We invite you to participate in our current project to save and preserve Irish Family Stories. If your family has a great story or two, write them down and send it to us as a word document attachment by email to bridget@joebanjoburke.org. Or, if you are not great at writing, just tell the story on tape or CD and mail it to Banjo Burke Memorial Fund, PO Box 32, Addison, NY 14801. We plan to publish stories of your family’s life in Ireland; the journey to America, or whatever part of the world your family came to; the friends and foes, sorrows and joys they found here; Gaelic sports; Irish Folk Tales; songs and poems. So if you don’t have a good story, just send your favorite song or poem with a few words about why it is a family favorite. Our editor will decide which stories to publish. Specify whether you want your stories included in the book for general publication, or you want a private publication for just your relatives. Here's a story about two of my great great aunts, for an example.

A Tale of Two Bridgets

Back in the days of the famine and coffin ships, Bridget Lynch was forced to leave Ireland. Her family was heart-broken and held an American wake with the neighbors all round the night before she left. Weeks went by with no word from Bridget. Then the family was devastated by the discovery of her fiddle washed up on the shore. They were sure she had perished in a shipwreck. When the new baby came, they named her after her sister.

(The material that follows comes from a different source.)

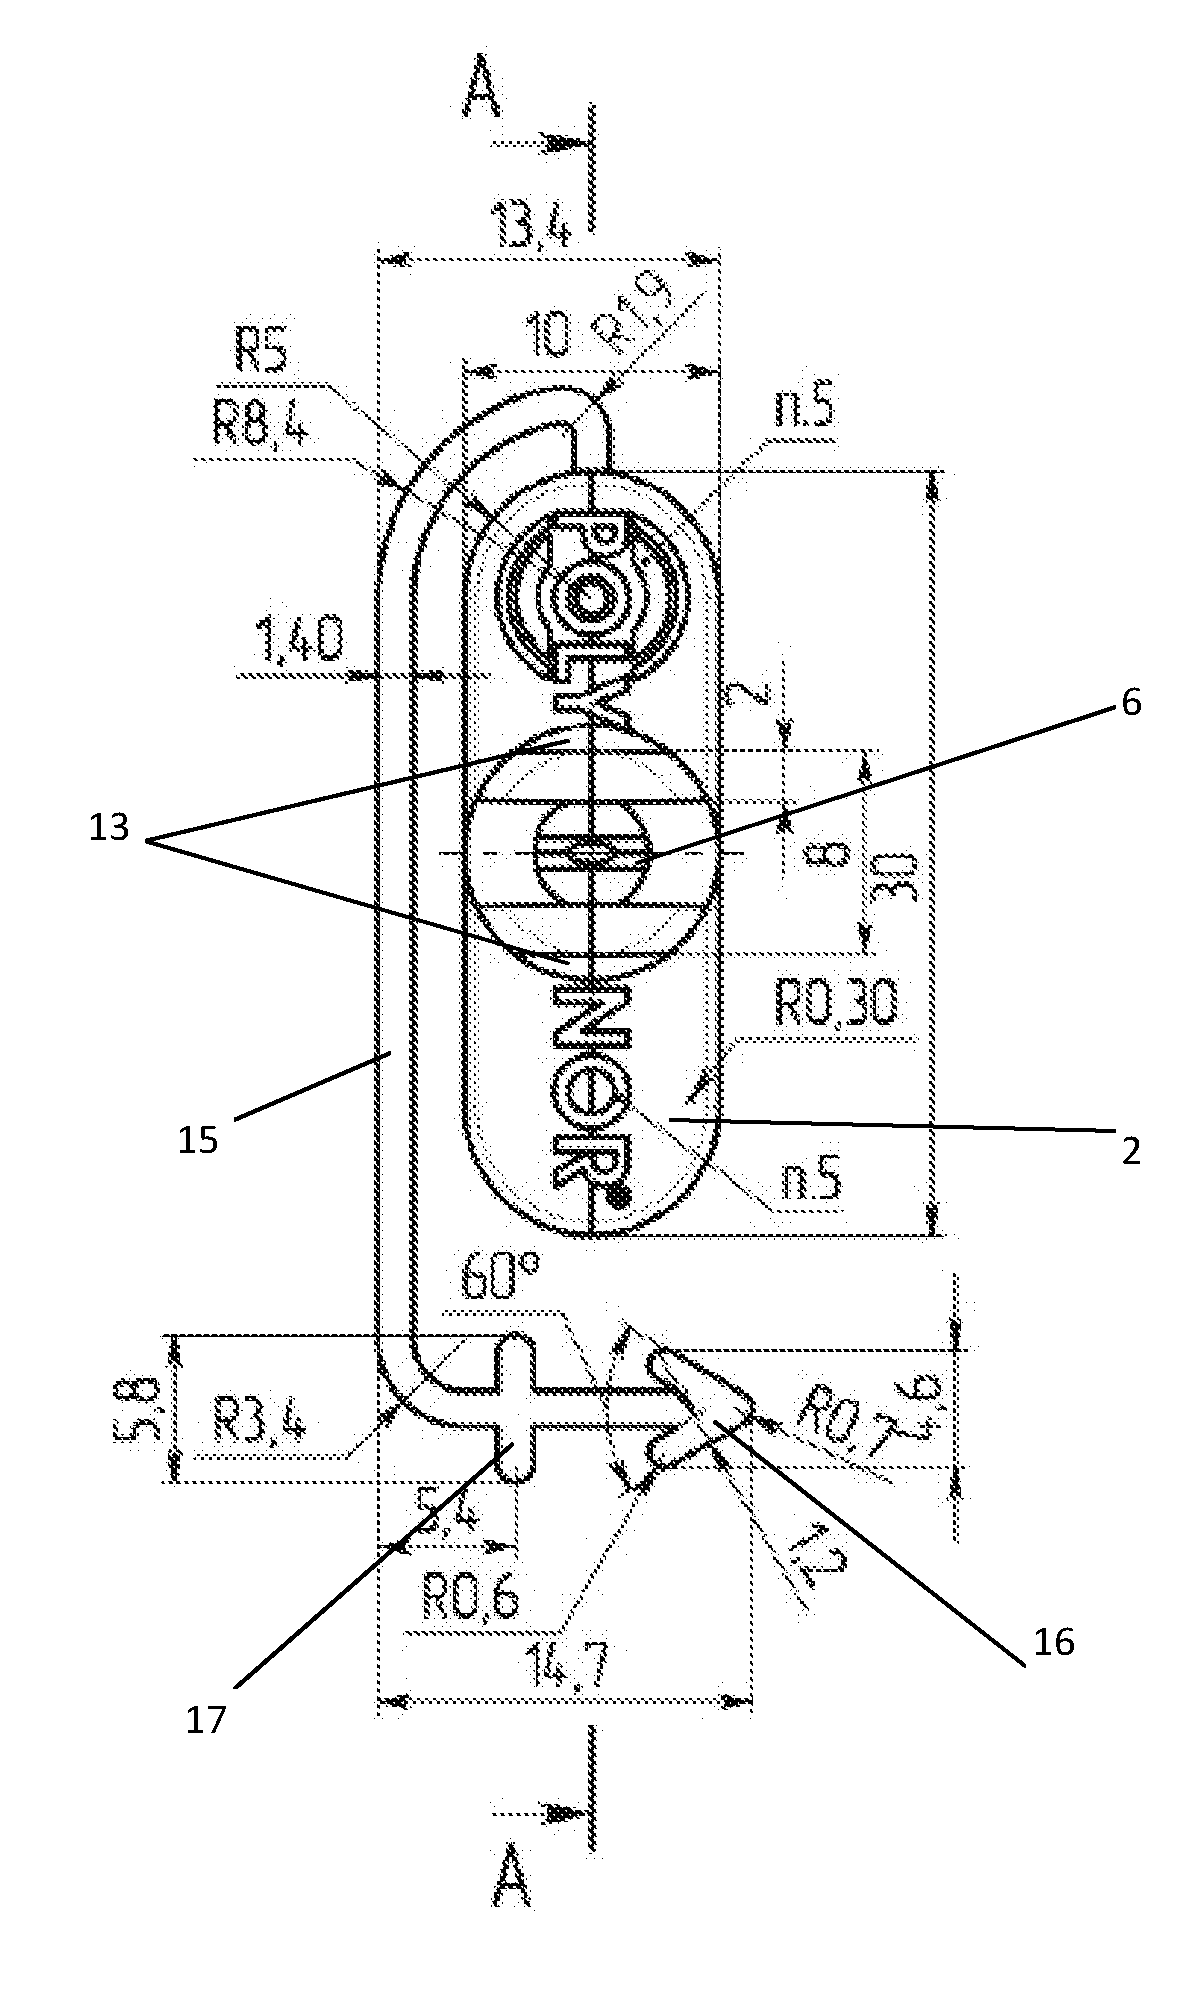 Device for Spraying Pressurized Material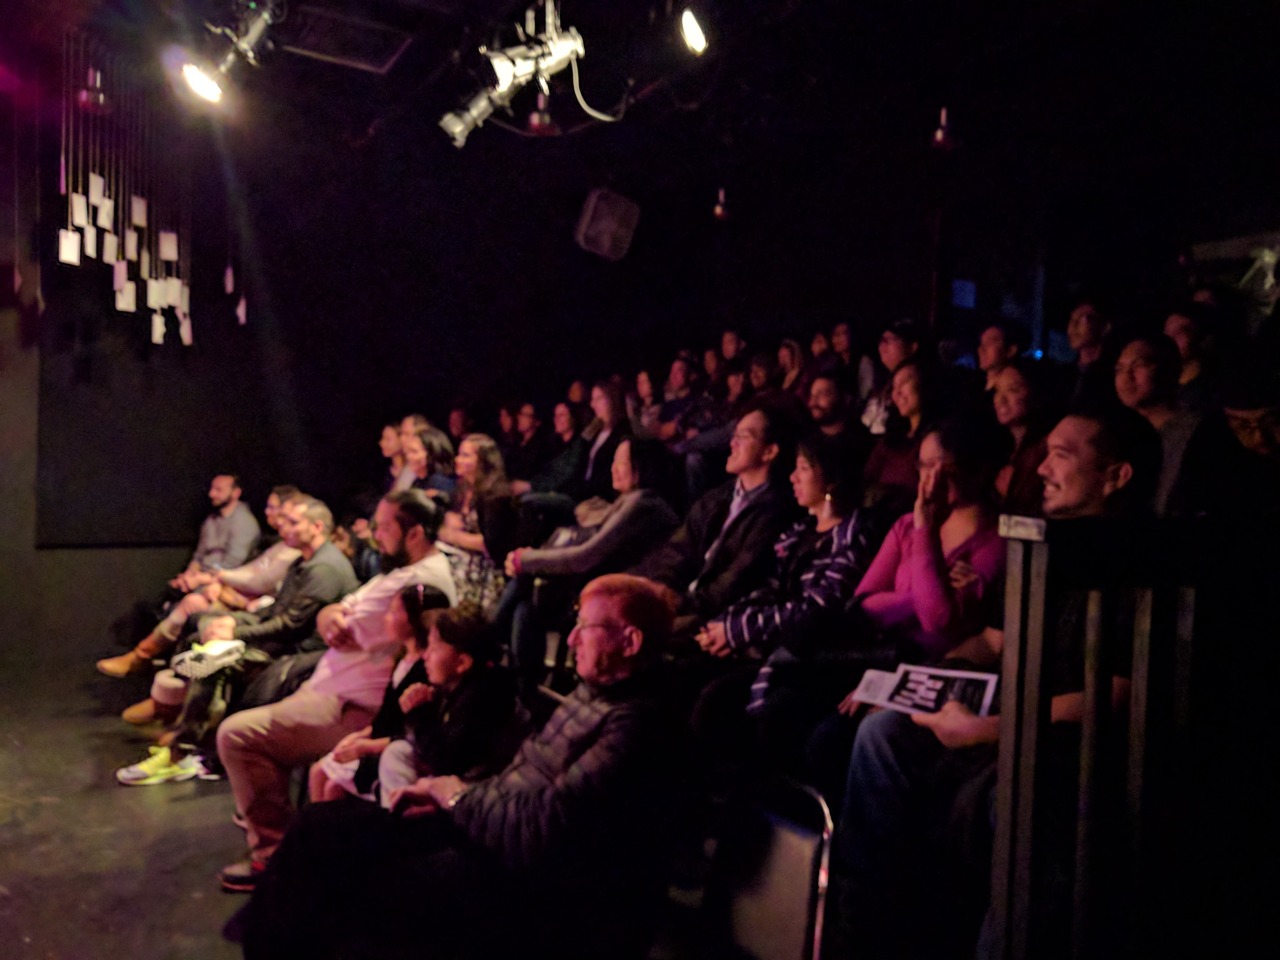 Pictured: A photo of an audience watching the Love Edition Festival produced by Bindlestiff Studio, SF, CA.

Meanwhile, Bridget’s ship, grossly overloaded with people desperate to escape the famine and accompanying plagues, had indeed sunk in a storm. There was no such thing as a life preserver. There were not enough life boats and not enough time to launch most of the ones they had. Bridget found herself in the water and she could not swim. But she was wearing all the clothes she had, including two large hoop petticoats. On the way to the water, the petticoats filled with air, and kept her bobbing on the surface for some time. Eventually the weight of the sodden clothes was pulling her under, but one of the lifeboats came up to her just in time. There was quite an argument on the overloaded boat as to whether one more could be brought on, but it was finally decided in Bridget’s favor. The life boat was rescued by a ship bound for Canada, so Bridget had to make her way down to southern tier New York to meet up with her brother, Darby.

Twenty years later, the two Bridgets met in New York, two sisters with the same name.